= Māhū =

People of dual male and female spirit in traditional Hawaiian and Tahitian cultures

Māhū in Native Hawaiian and Tahitian cultures are people who embody both male and female spirit. They have traditional spiritual and social roles within the culture, similar to Tongan fakaleiti and Samoan fa'afafine. The terms “third gender” and “in the middle” have been used to help explain māhū in the English language.

According to present-day māhū kumu hula Kaua'i Iki:

Māhū were particularly respected as teachers, usually of hula dance and chant. In pre-contact times māhū performed the roles of goddesses in hula dances that took place in temples which were off-limits to women. Māhū were also valued as the keepers of cultural traditions, such as the passing down of genealogies. Traditionally parents would ask māhū to name their children.

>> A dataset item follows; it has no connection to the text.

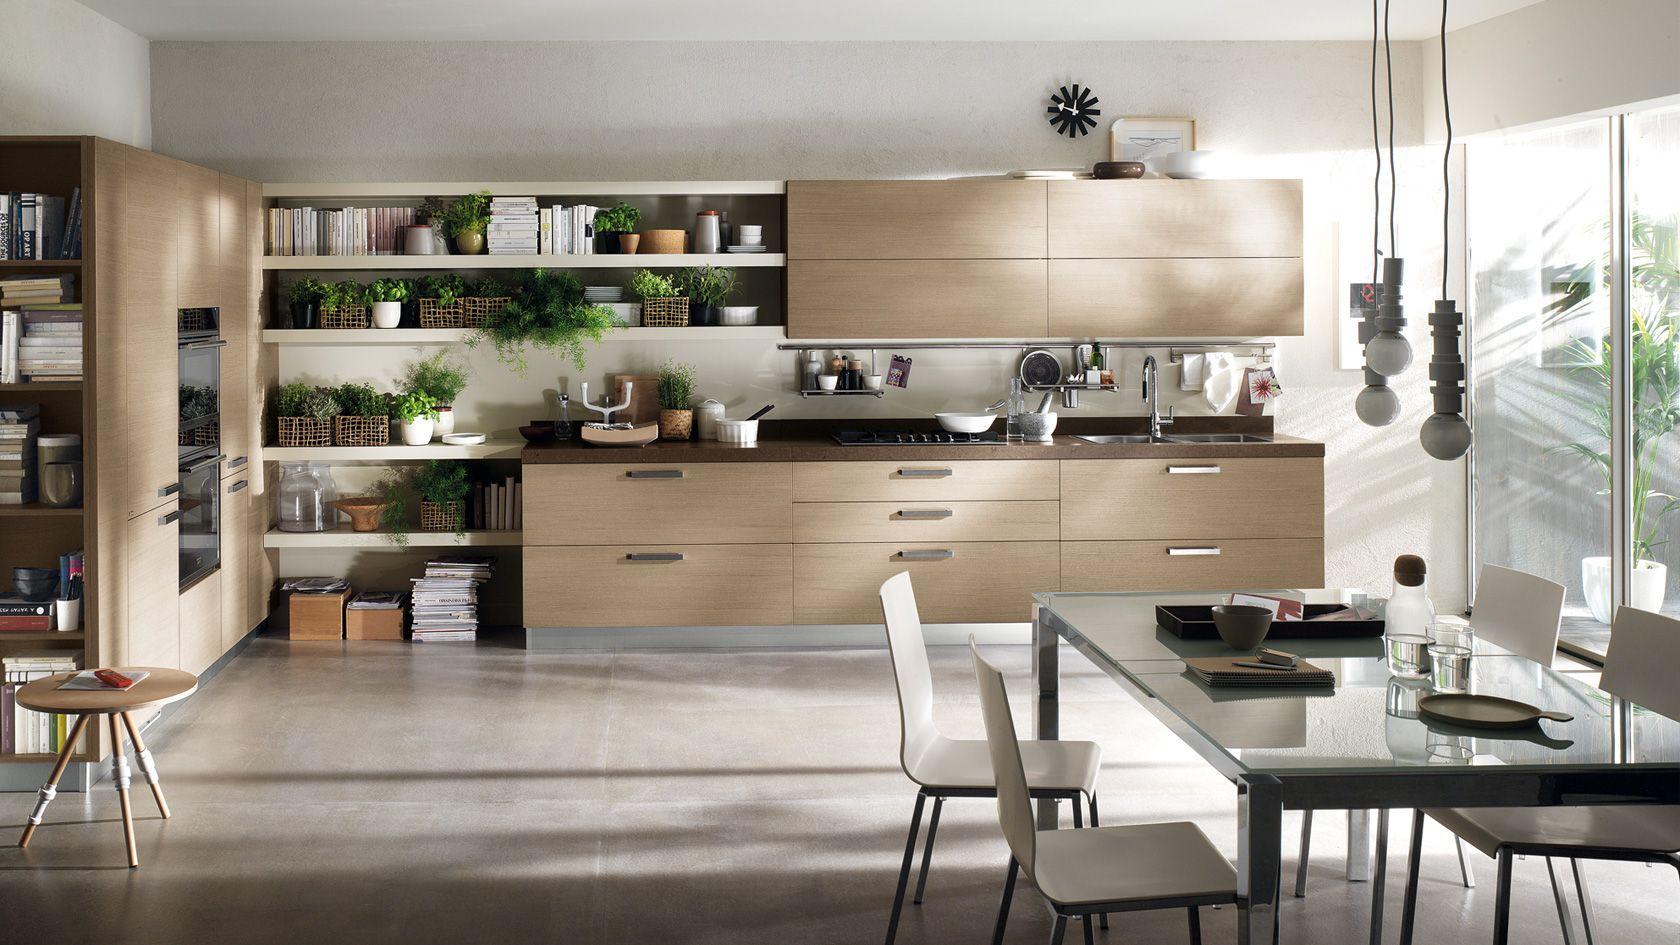 Cocina Feel Scavolini | redhouse | Pinterest | Diseño de cocina ...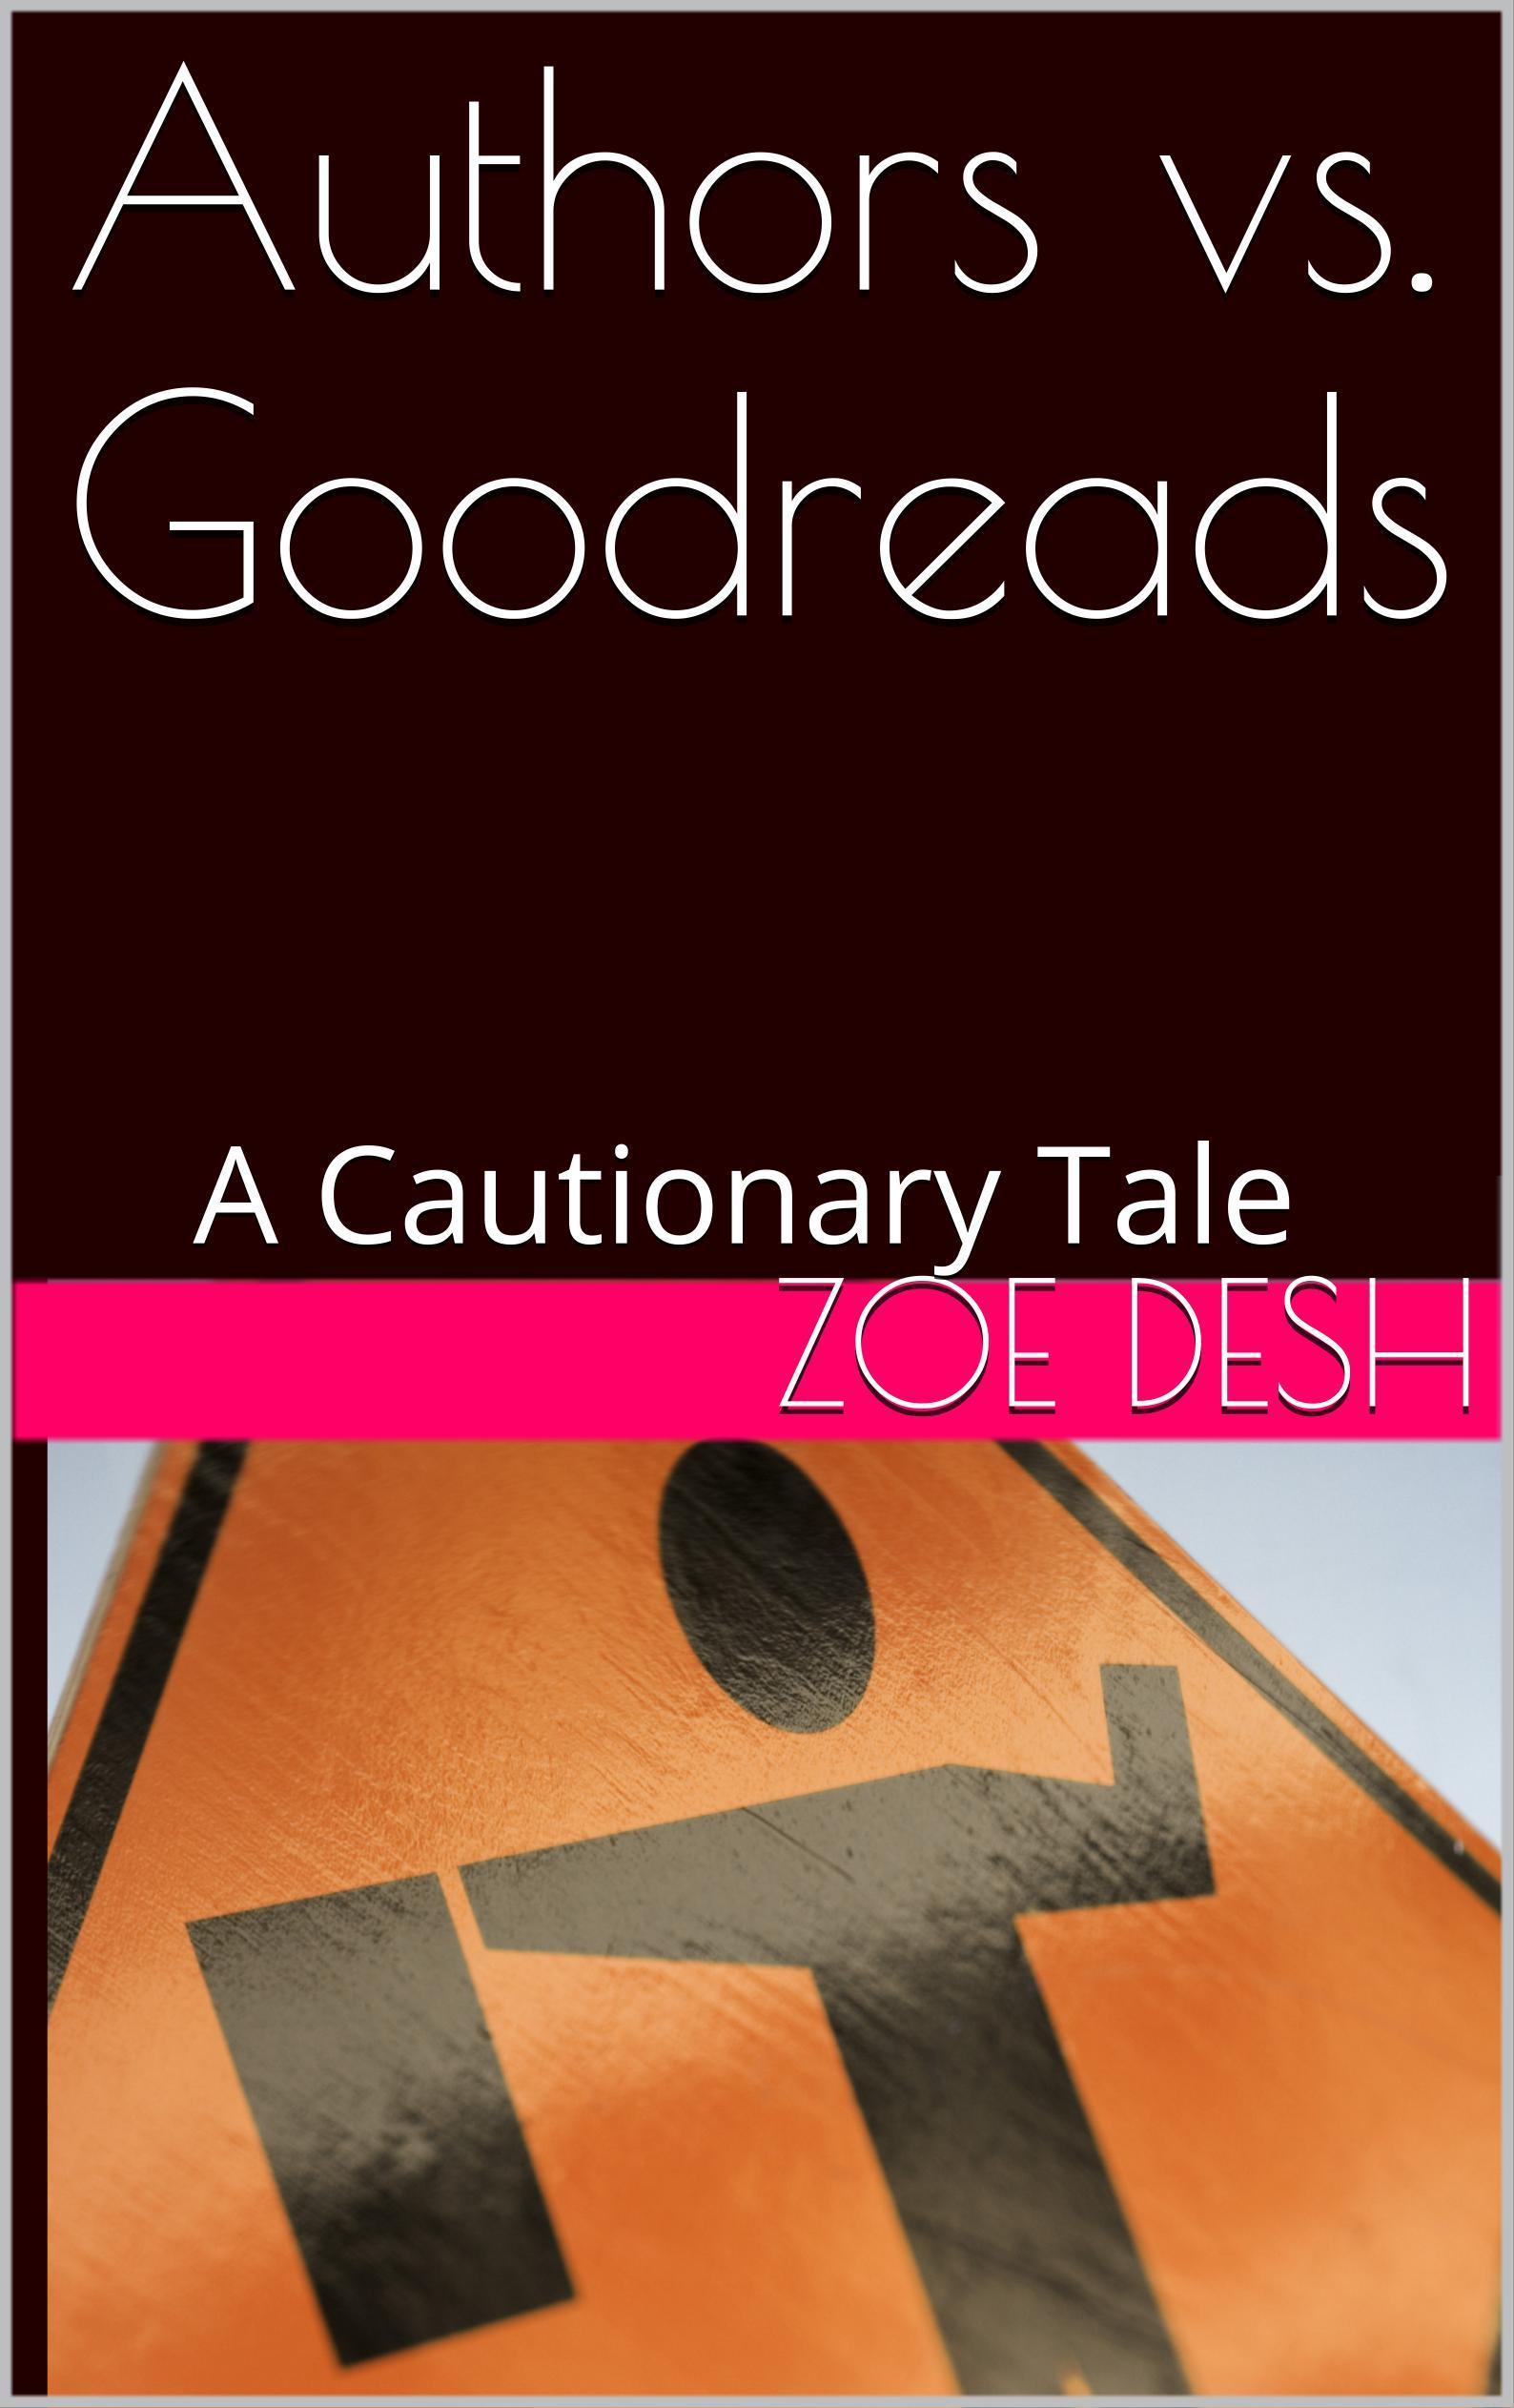 Authors vs. Goodreads Zoe Desh

Historically, māhū was a respectful term for people, but with colonization the word was denigrated and used as an insult to refer to homosexuals. More recently, there has been an effort to recapture the original dignity and respect accorded the term māhū.

==History==
In the pre-colonial history of Hawai'i, māhū were notable healers, although much of this history was elided through the intervention of Christian missionaries. According to Joan Roughgarden, the māhū lacked access to political power, were unable to aspire to leadership roles, and "Perceived as always available for sexual conquest by men." The first published description of māhū occurs in Captain William Bligh's logbook of the Bounty, which stopped in Tahiti in 1789, where he was introduced to a member of a "class of people very common in Otaheitie called Mahoo... who although I was certain was a man, had great marks of effeminacy about him."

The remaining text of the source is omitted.